2. Czech Republic has the highest average sales per customer and average order value compared to other countries.

Management are currently considering changing their purchasing strategy to save money. The strategy they are considering is to purchase only the most popular tracks from each album from record companies, instead of purchasing every track from an album.
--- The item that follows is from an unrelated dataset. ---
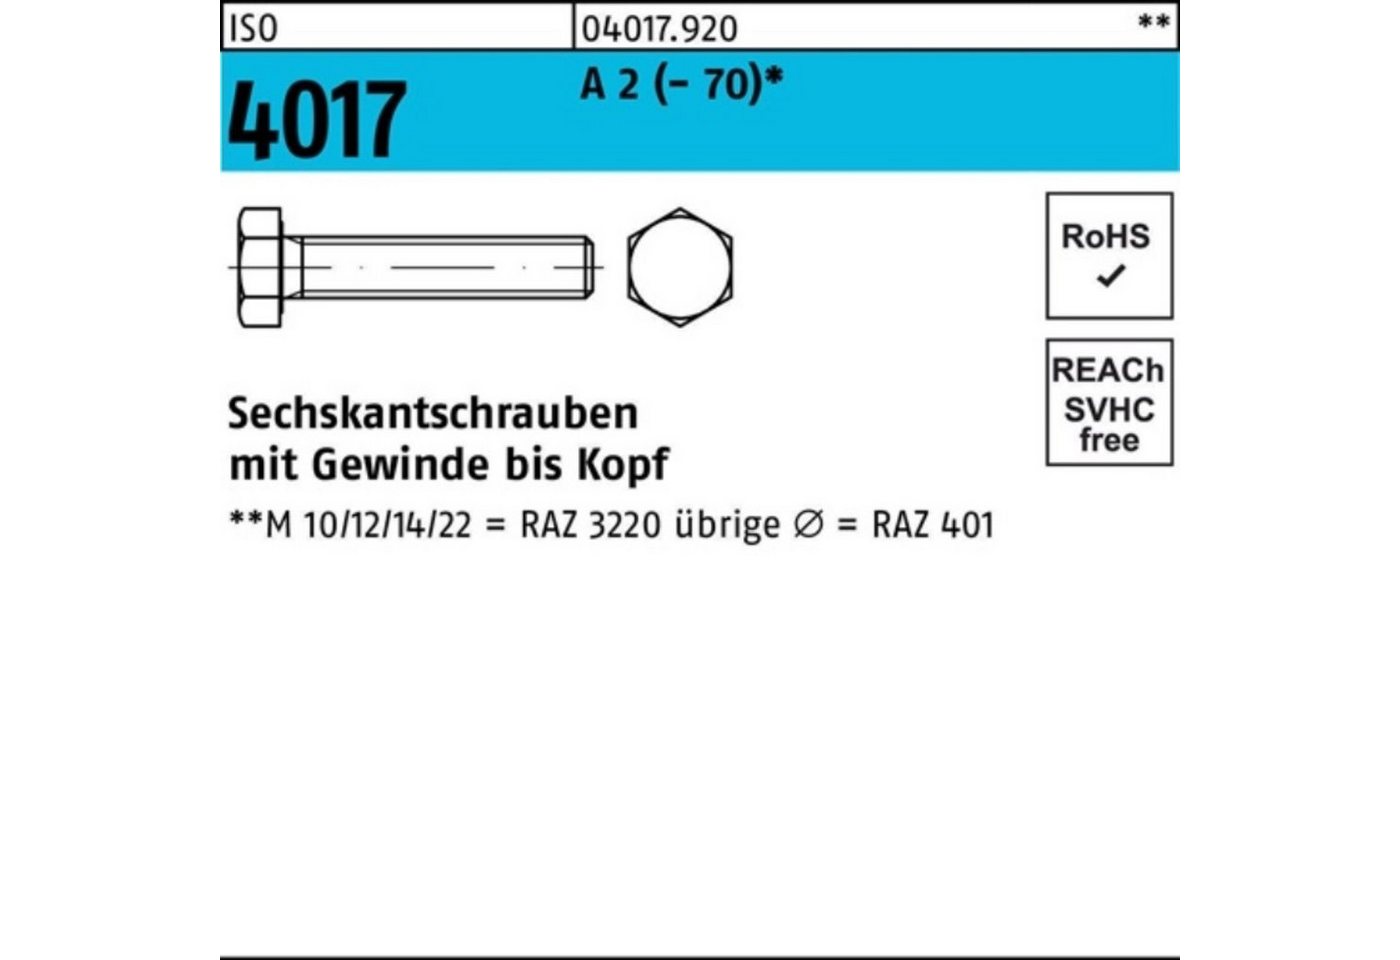 Bufab Sechskantschraube 100er Pack Sechskantschraube ISO 4017 VG M16x 75 A 2 (70) 25 Stück von Bufab

We should find out what percentage of purchases are individual tracks vs whole albums, so that management can use this data to understand the effect this decision might have on overall revenue.

In [5]:
q4 = '''
WITH invoice_first_track AS
    (
     SELECT
         il.invoice_id invoice_id,
         MIN(il.track_id) first_track_id
     FROM invoice_line il
     GROUP BY 1
    )

SELECT
    album_purchase,
    COUNT(invoice_id) number_of_invoices,
    CAST(count(invoice_id) AS FLOAT) / (
                                         SELECT COUNT(*) FROM invoice
                                      ) percent
FROM
    (
    SELECT
        ifs.*,
        CASE
            WHEN
                 (
                  SELECT t.track_id FROM track t
                  WHERE t.album_id = (
                                      SELECT t2.album_id FROM track t2
                                      WHERE t2.track_id = ifs.first_track_id
                                     ) 

                  EXCEPT 

                  SELECT il2.track_id FROM invoice_line il2
                  WHERE il2.invoice_id = ifs.invoice_id
                 ) IS NULL
             AND
                 (
                  SELECT il2.track_id FROM invoice_line il2
                  WHERE il2.invoice_id = ifs.invoice_id

                  EXCEPT 

                  SELECT t.track_id FROM track t
                  WHERE t.album_id = (
                                      SELECT t2.album_id FROM track t2
                                      WHERE t2.track_id = ifs.first_track_id
                                     ) 
                 ) IS NULL
             THEN "yes"
             ELSE "no"
         END AS "album_purchase"
     FROM invoice_first_track ifs
    )
GROUP BY album_purchase;
'''

run_query(q4)

Unnamed: 0,album_purchase,number_of_invoices,percent
0,no,500,0.814332
1,yes,114,0.185668


Album purchases account for 18.6% of purchases. Based on this data, we would recommend against purchasing only select tracks from albums from record companies, since there is potential to lose one fifth of revenue.